Douglas Walter Plank (born March 4, 1953) is an American former professional football player and coach. He played as a safety for the Chicago Bears of the National Football League (NFL). Plank also played one year in the United States Football League (USFL) for the Chicago Blitz. He played college football for the Ohio State Buckeyes.

Early life 
Plank attended Norwin High School in North Huntingdon, Pennsylvania, where he played baseball, basketball, and football. His high school baseball batting average of .526 stood as a school record for over thirty years. Following his senior football season, Plank was voted MVP of the WPIAL’s Foothills Conference. 

He then played football for The Ohio State University, winning three Big Ten titles and participating in three consecutive Rose Bowls under legendary coach Woody Hayes. Plank played a reserve role at Ohio State starting only five games, playing mostly on special teams. One of those starts came against Northwestern his senior year in Chicago, where he was seen by a Chicago Bear scout.

NFL playing career 
 In 1975, Plank was drafted by the Chicago Bears in the 12th round. He spent his entire eight-year NFL playing career with the Bears. He became an instant starter with the Bears and was the first Bears rookie to lead the team in tackles. Plank was a favorite of Bears defensive coordinator Buddy Ryan for his hard hitting and aggressive style, so that he named his defense the "46 defense" after Plank's jersey number and his central position in the defense. 

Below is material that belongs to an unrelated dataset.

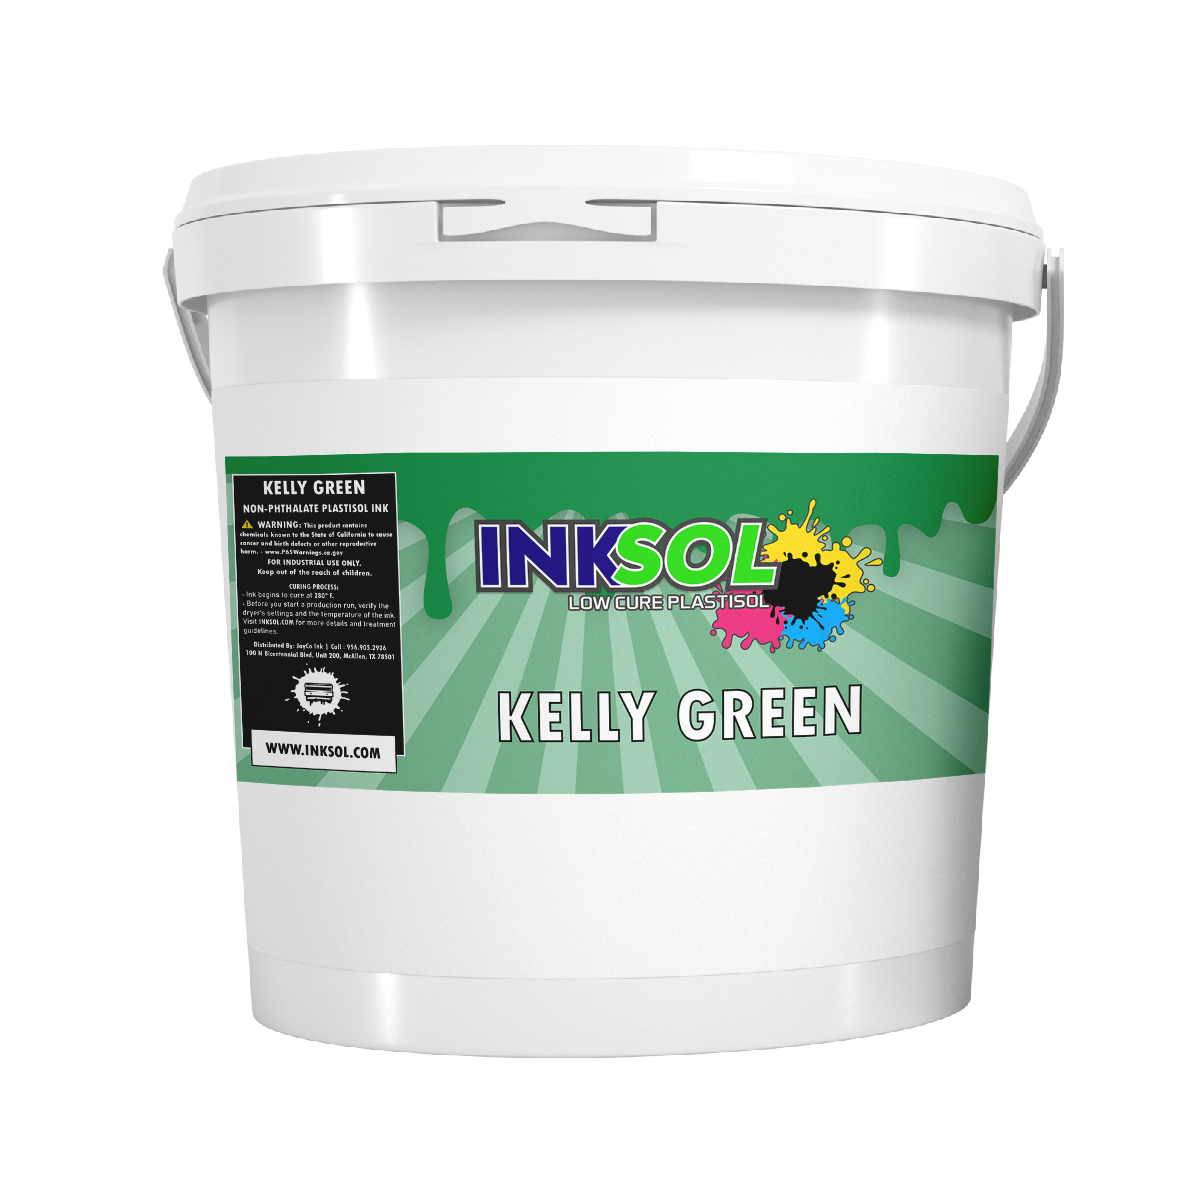 InkSol™ Low Cure Plastisol Kelly Green

Plank was considered one of the hardest hitting safeties in the game. That effort took a physical toll, and he retired before the Bears reached their peak in 1985. Plank and Gary Fencik were dubbed "The Hit Men", a fact referenced by Fencik in 1985's The Super Bowl Shuffle. 

In 1984, Plank played one season in the USFL for the Chicago Blitz. The Blitz head coach was future Pro Football Hall of Fame coach Marv Levy. The Blitz general manager was future Pro Football Hall of Fame GM Bill Polian.

After football 

After football, Plank became a franchisee of Burger King Corporation. He operated a total of twenty individual restaurants in three states over a twenty-year period. 

In 1995, Plank began working as a football analyst and has done work for Fox Sports, the Arizona Cardinals, the Arizona State Sun Devils, the University of Arizona Wildcats, and the Arizona Rattlers. In 1996, a Bears fan "Bearman" became the unofficial mascot of the Bears, and he wore Plank's Number 46 jersey. 

Since 2001, Plank has worked as a football color analyst for NFL and NCAA football on national radio broadcasts for Sports USA Media. 

He is also a licensed realtor in Arizona and real estate investor in Arizona, and currently manages commercial and residential properties in Arizona. He is also an investor for the McRae Group, which improves property through the entitlement process for future development. 

In addition, Plank is a popular seminar speaker, emphasizing the value of hard work, making wise decisions in one's personal life and working with competent partners for success.

Coaching career 
In 2001, Plank began his coaching career as a defensive coordinator in the Arena Football League for three seasons under former Dallas quarterback Danny White. In those three seasons, the Arizona Rattlers played in three consecutive Arenabowls. 

In 2004, Plank was hired by Arthur Blank to be head coach of the Georgia Force, an arena football team he owned in addition to the Atlanta Falcons. He was named the AFL's Coach of the Year in 2005 and 2007, leading Georgia to the playoffs in every season and in his first year, ArenaBowl XIX in 2005. In Plank's first four years as an AFL head coach, he won more games in that period than any other coach in the history of the AFL. 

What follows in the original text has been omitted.